Damage control surgery (DCS) with open abdominal management (OAM) has been increasingly expanded to include critically ill non-trauma patients. However, there is limited data regarding the usefulness of this protocol for the treatment of severe perforative peritonitis (PP), especially with septic shock (SS). Here, we retrospectively evaluated the usefulness of our OAM protocol for PP with SS.

Methods

We retrospectively reviewed patients with from June 2015 to September 2018. The proposed protocol was composed of the following steps: (1) rapid control of contamination; (2) temporary abdominal closure; (3) repeated washout of the abdominal cavity; and (4) delayed definitive surgery. For temporary abdominal closure, a negative pressure wound therapy device was used. The end points were the morbidity and 30-day mortality rates. Logistic backward regression was performed to identify factors associated with complications.

Results

The mortality rate was 4% (1/25) and the overall morbidity rate of surviving patients was 58.3% (14/24). The mean duration of the first DCS was 67.36 ± 22.83 min. The median durations of ventilation and intensive care unit stay were 5 and 7 days, respectively. Although not significant, morbidity might be associated with age, diabetes mellitus, initial operative time, and OAM duration.

Conclusions

A standardized protocol for OAM may improve the outcomes of patients with SS due to PP. This damage control approach can be applied for the treatment of severe abdominal sepsis.

Keywords

Damage control surgery Open abdominal management Perforative peritonitis Secondary peritonitis Septic shock 

Abbreviations

DCS

Damage control surgery

NPWT

Negative pressure wound therapy

OAM

Open abdominal management

PP

Perforative peritonitis

SS

Septic shock

WBC

White blood cell

BMI

Body mass index

COPD

Chronic obstructive pulmonary disease

ICU

Intensive care unit

Notes

Author contributions

KI drafted the manuscript. AU, MY, KA, NM, YT, and YN critically revised the article for important intellectual content. JY is the Department Chairperson and supervised the writing of the manuscript. All of the authors approved the final version of the manuscript.

Funding

Not applicable.

Compliance with ethical standards

Conflict of interest

The authors have no competing interests to declare.

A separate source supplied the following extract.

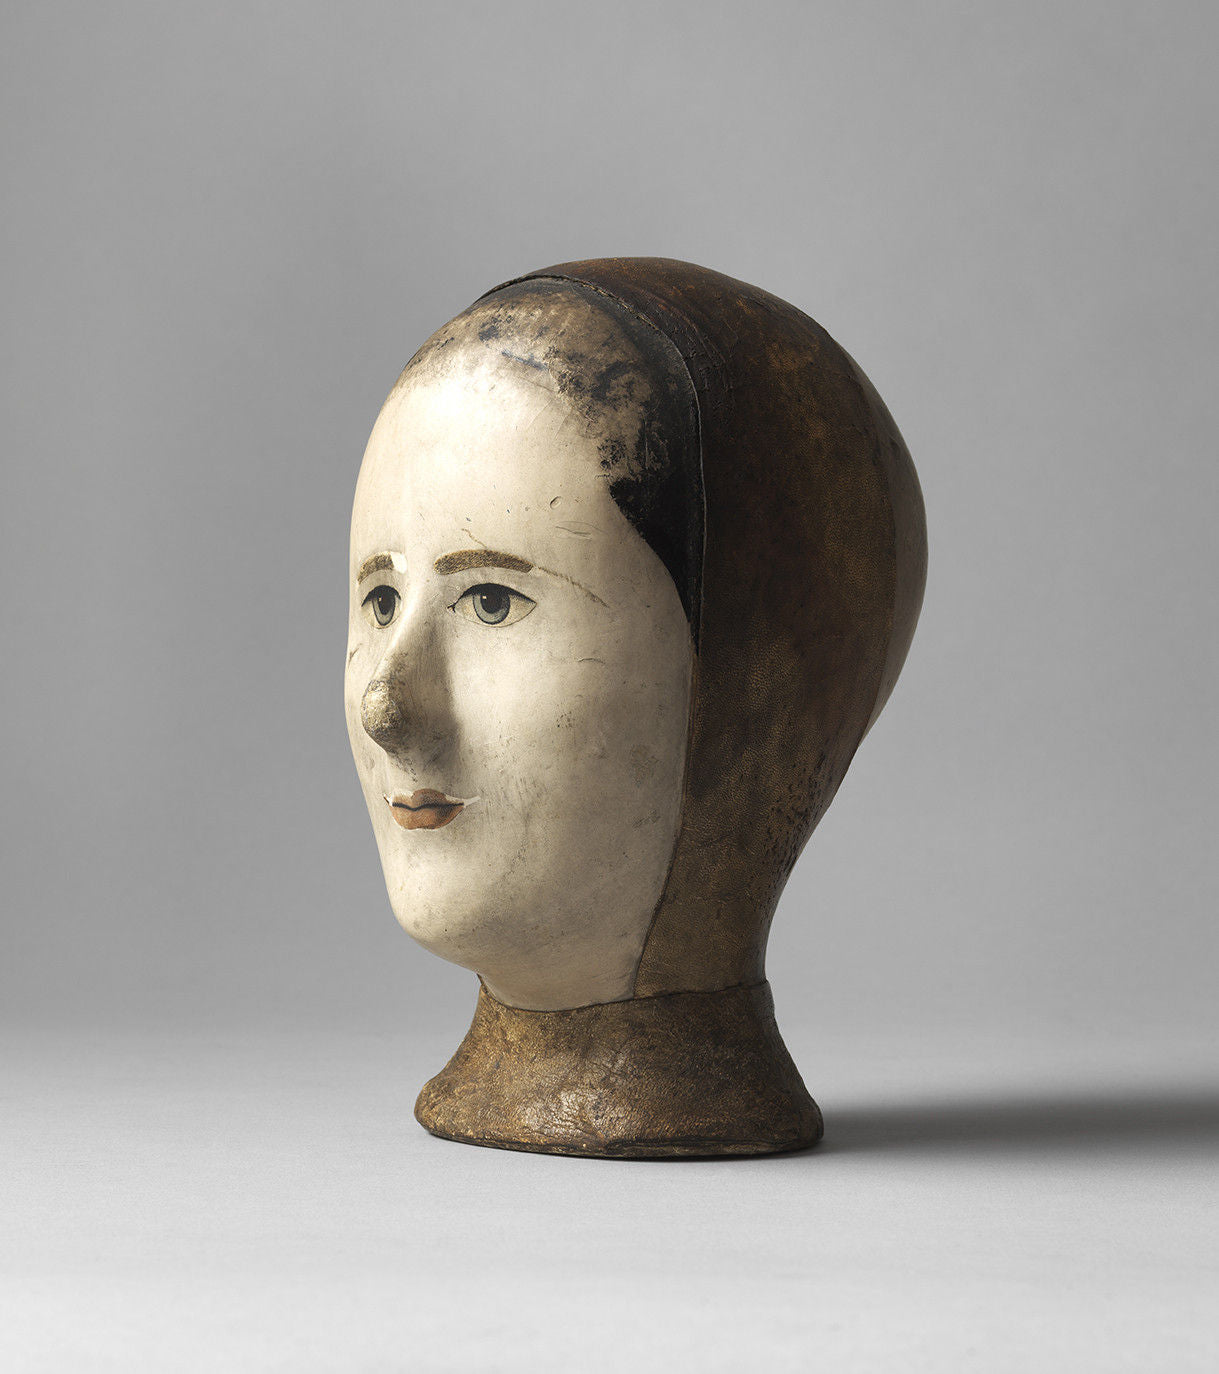 Particularly Fine and Sensitive Early Milliner’s Head

Ethics approval and consent to participate

Ethical approval was obtained from Institutional Review Board of Sakai City Medical Hospital. Consent to participate was not applicable owing to the retrospective nature of the study.

Consent for publication

Not applicable.

Availability of data and materials

All data generated or analyzed during this study are included in this published article.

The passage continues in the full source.